Galaxy Kubernetes Boot

Use this repo to deploy Galaxy. The repo contains Ansible playbooks to prepare a cloud image and deploy a Galaxy instance. Galaxy is deployed on a Kubernetes cluster using RKE2. The playbooks work on GCP, AWS, and OpenStack (e.g., Jetstream2).

Overview

This repo is divided into two main parts:

  1. Image Preparation: This part contains playbooks and scripts to prepare a cloud image with all necessary components pre-installed. See Image Preparation for details.
  2. Deployment: This part contains playbooks to deploy the prepared image onto a RKE2 Kubernetes cluster. The deployment playbook can also be used without a prepared image, but using a prepared image speeds up the deployment process. Documentation for the deployment process can be found below (Note: this part of the documentation is currently out of date so will require some interpretation and adjustment).

Deployment

Prerequisites

To run the playbook we need to install Ansible and some other optional requirements that are only needed to generate the inventory file with the bin/inventory.sh script. The easiest way to install the requirements is to use pip.

python3 -m venv .venv
source .venv/bin/activate
pip install -r requirements.txt

If the host is a barebones Ubuntu, Ansible can be installed with the following commands:

sudo apt install software-properties-common
sudo add-apt-repository --yes --update ppa:ansible/ansible
sudo apt install ansible

Launching the VM

Use the provided launch script to create a VM. The script handles both persistent disk creation and existing disk attachment scenarios.

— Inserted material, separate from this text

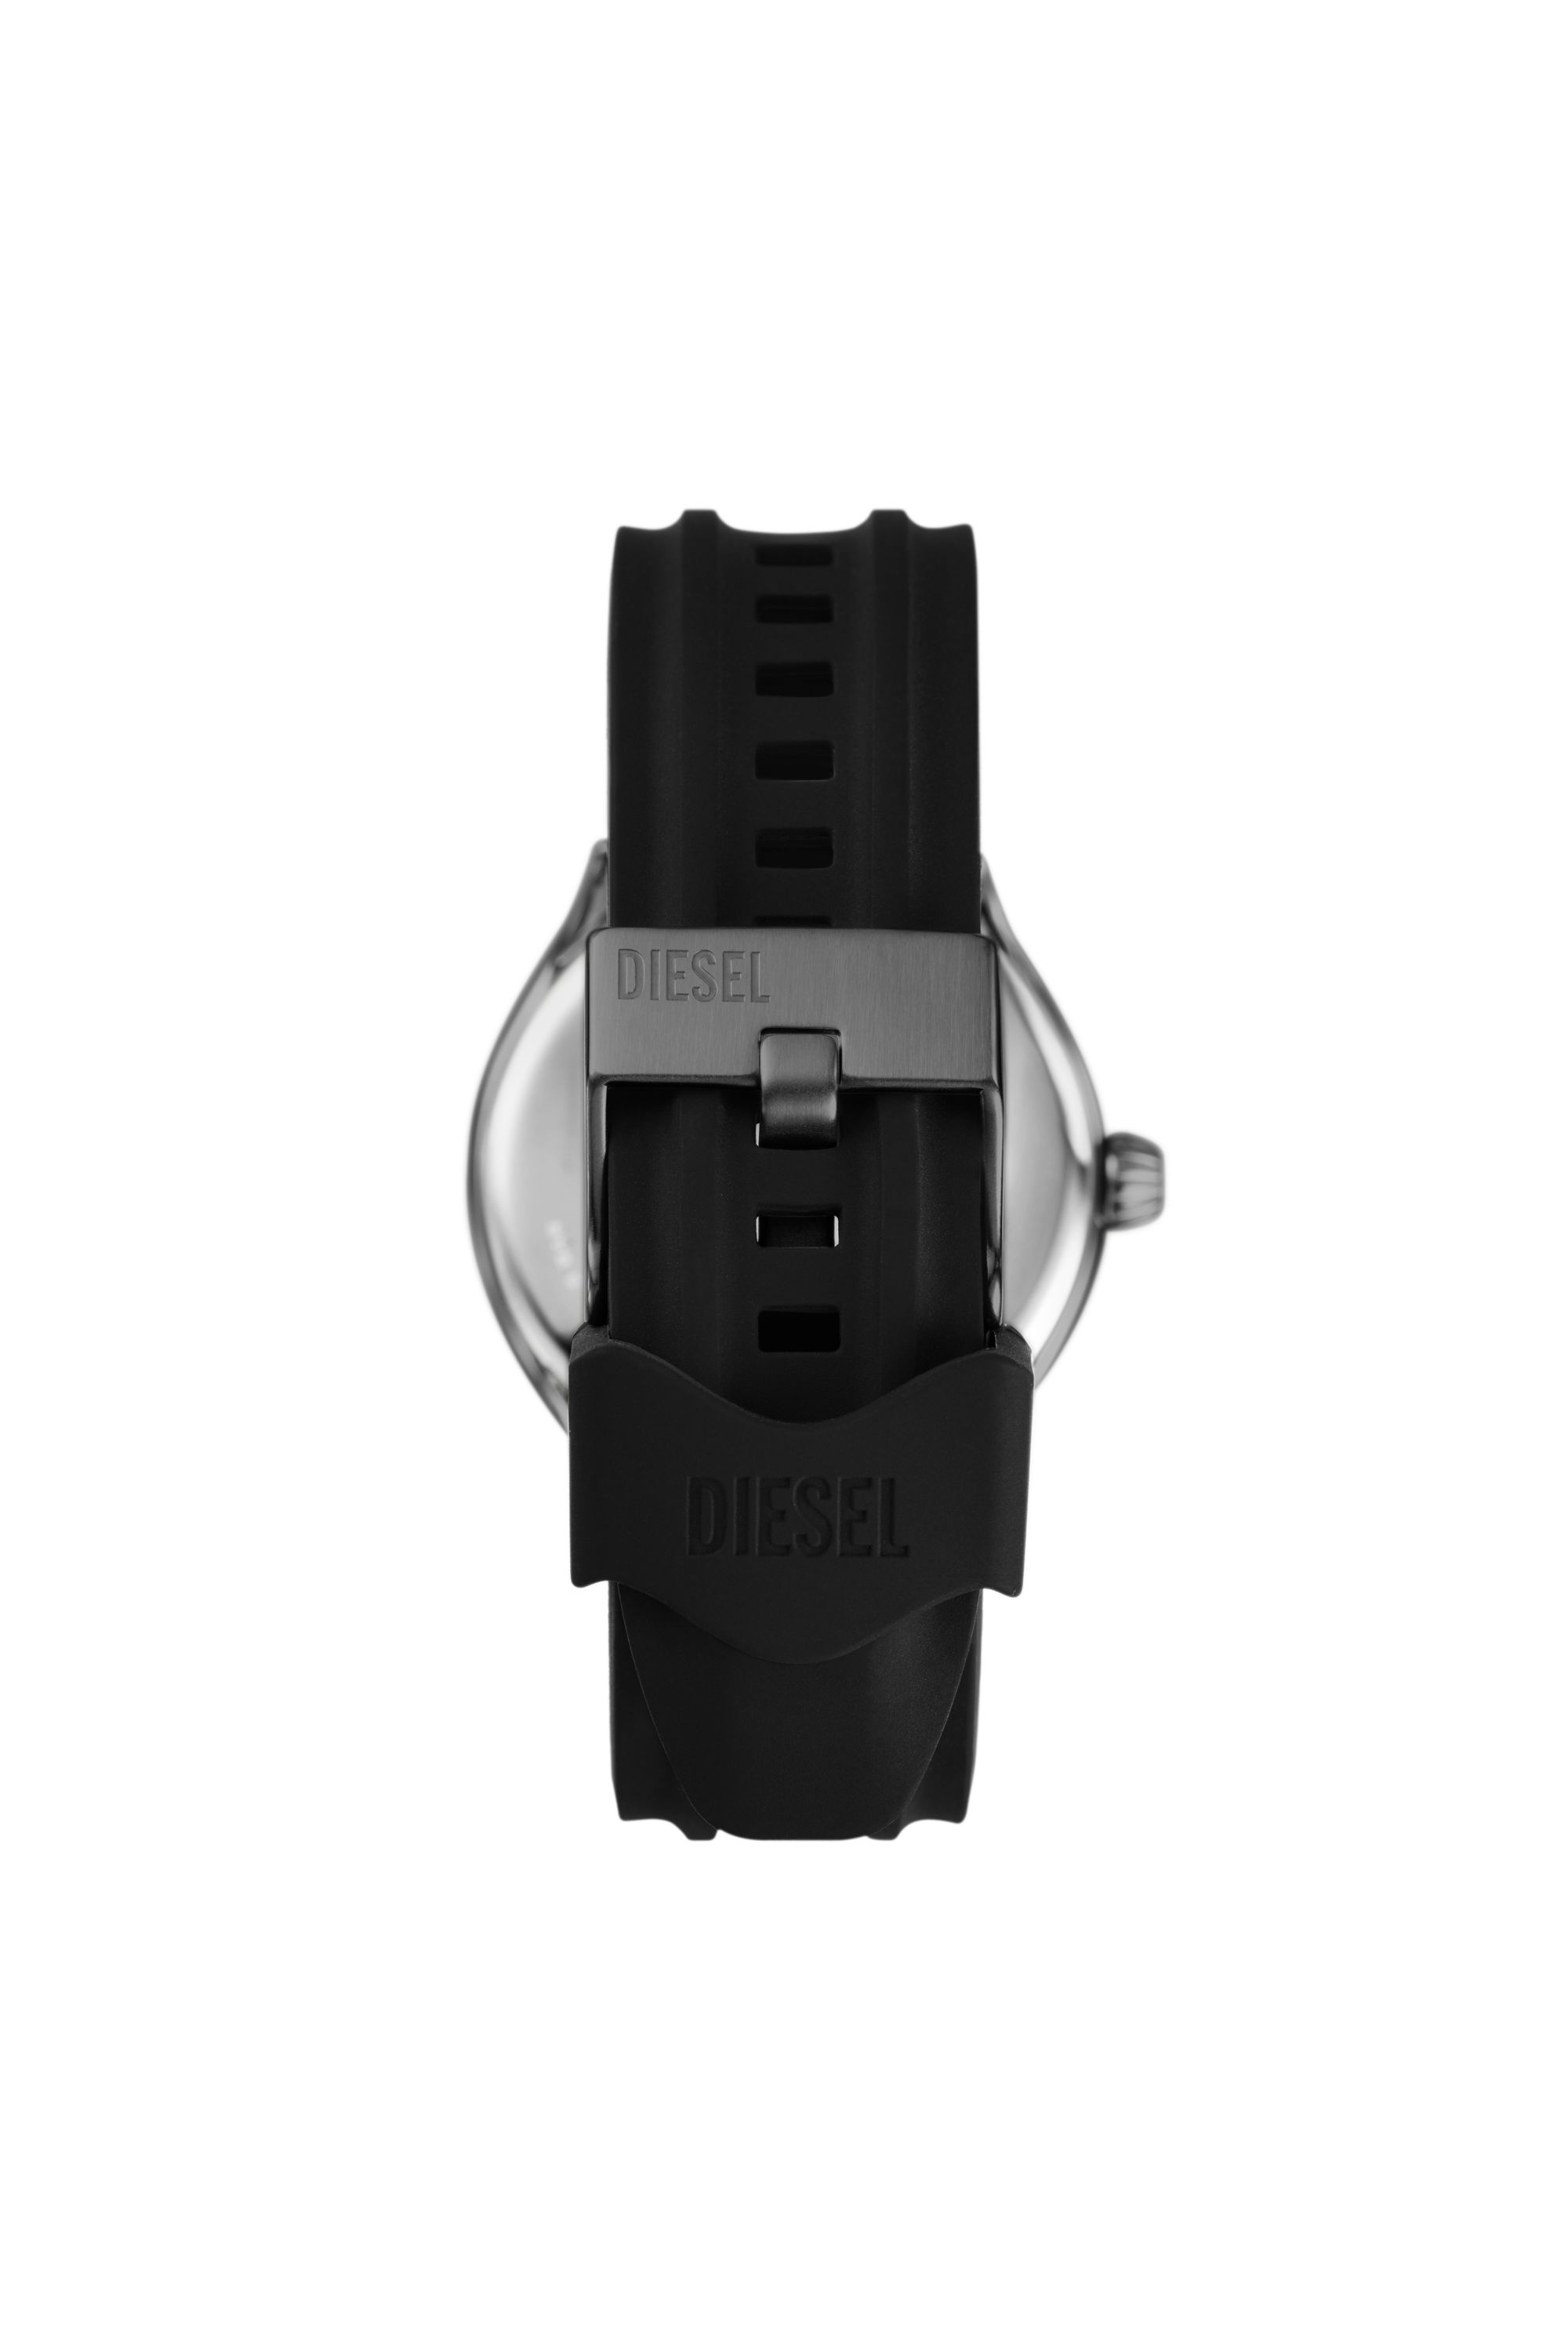 Diesel - DZ2201, Man Streamline three-hand black silicone watch in Black - Image 2

The VM uses Ubuntu 24.04 image with a root file system of at least 30GB. Security groups should have ports 22 and 80 open. The persistent disk is automatically formatted, mounted at /mnt/block_storage, and configured for the Galaxy deployment.

bin/launch_vm.sh -k "ssh-rsa AAAAB3NzaC1yc2EAAAADAQABAAABAQC66Snr9..." INSTANCE_NAME

Script Parameters

  • -k, --ssh-key: SSH public key for the ubuntu user (required)
  • -d, --disk-name: Name of persistent disk (default: galaxy-data-INSTANCE_NAME)
  • -s, --disk-size: Size of persistent disk (default: 150GB)
  • -p, --project: GCP project ID (default: anvil-and-terra-development)
  • -z, --zone: GCP zone (default: us-east4-c)
  • -m, --machine-type: Machine type (default: e2-standard-4)
  • --ephemeral-only: Create VM without persistent disk

Monitoring Deployment

After launching, you can monitor the deployment progress:

# Watch cloud-init output
gcloud compute ssh INSTANCE_NAME --command='sudo tail -f /var/log/cloud-init-output.log'

# Monitor deployment logs
gcloud compute ssh INSTANCE_NAME --command='sudo journalctl -f -u cloud-final'

Galaxy will be available at http://INSTANCE_IP/ once deployment completes (typically ~6 minutes).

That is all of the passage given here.